The big breakthrough that Transform has made is that it’s built a metrics engine that a company can apply to its structured data — a tool similar to what big tech companies have built for their own use, but that hasn’t really been created (at least until now) for others who are not those big tech companies to use, too.

Transform can work with vast troves of data from the warehouse, or data that is being tracked in real time, to generate insights and analytics about different actions around a company’s products. Transform can be used and queried by non-technical people who still have to deal with data, Handel said.

The impetus for building the product came to Nick Handel, James Mayfield and Paul Yang — respectively Transform’s CEO, COO and software engineer — when they all worked together at Airbnb (previously Mayfield and Yang were also at Facebook together) in a mix of roles that included product management and engineering.
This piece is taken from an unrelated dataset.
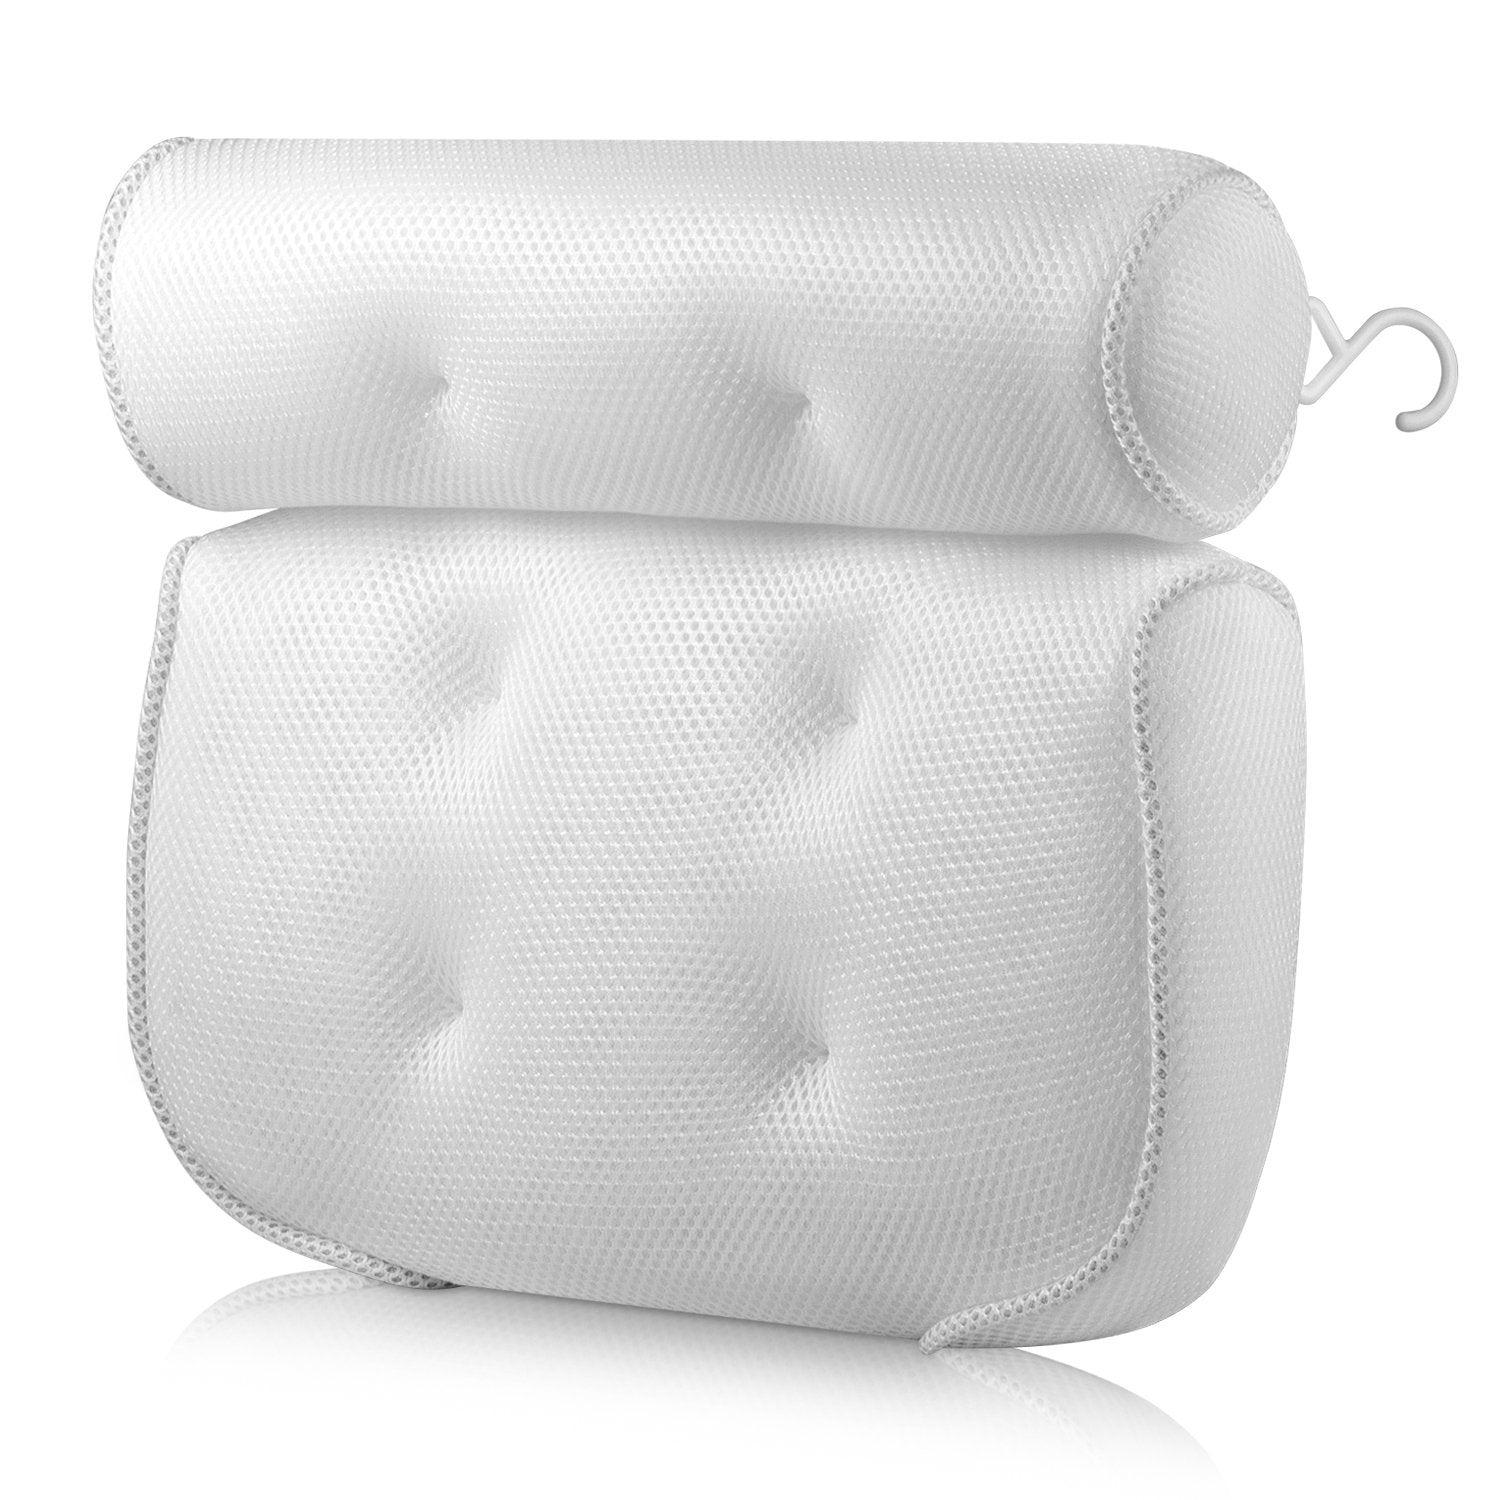 Bath Pillow for Bathtub - Soft Support for Neck, Head and Back – Wonderly

There, they could see first-hand both the promise that data held for helping make decisions around a product, or for measuring how something is used, or to plan future features, but also the demands of harnessing it to work, and getting everyone on the same page to do so.

“There is a growing trend among tech companies to test every single feature, every single iteration of whatever. And so as a part of that, we built this tool [at Airbnb] that basically allowed you to define the various metrics that you wanted to track to understand your experiment,” Handel recalled in an interview. “But you also want to understand so many other things like, how many people are searching for listings in certain areas? How many people are instantly booking those listings? Are they contacting customer service, are they having trust and safety issues?” The tool Airbnb built was Minerva, optimised specifically for the kinds of questions Airbnb might typically have for its own data.

“By locking down all of the definitions for the metrics, you could basically have a data engineering team, a centralized data infrastructure team, do all the calculation for these metrics, and then serve those to the data scientists to then go in and do kind of deeper, more interesting work, because they weren’t bogged down in calculating those metrics over and over,” he continued. This platform evolved within Airbnb. “We were we were really inspired by some of the early work that we saw happen on this tool.”

The issue is that not every company is built to, well, build tools like these tailored to whatever their own business interests might be.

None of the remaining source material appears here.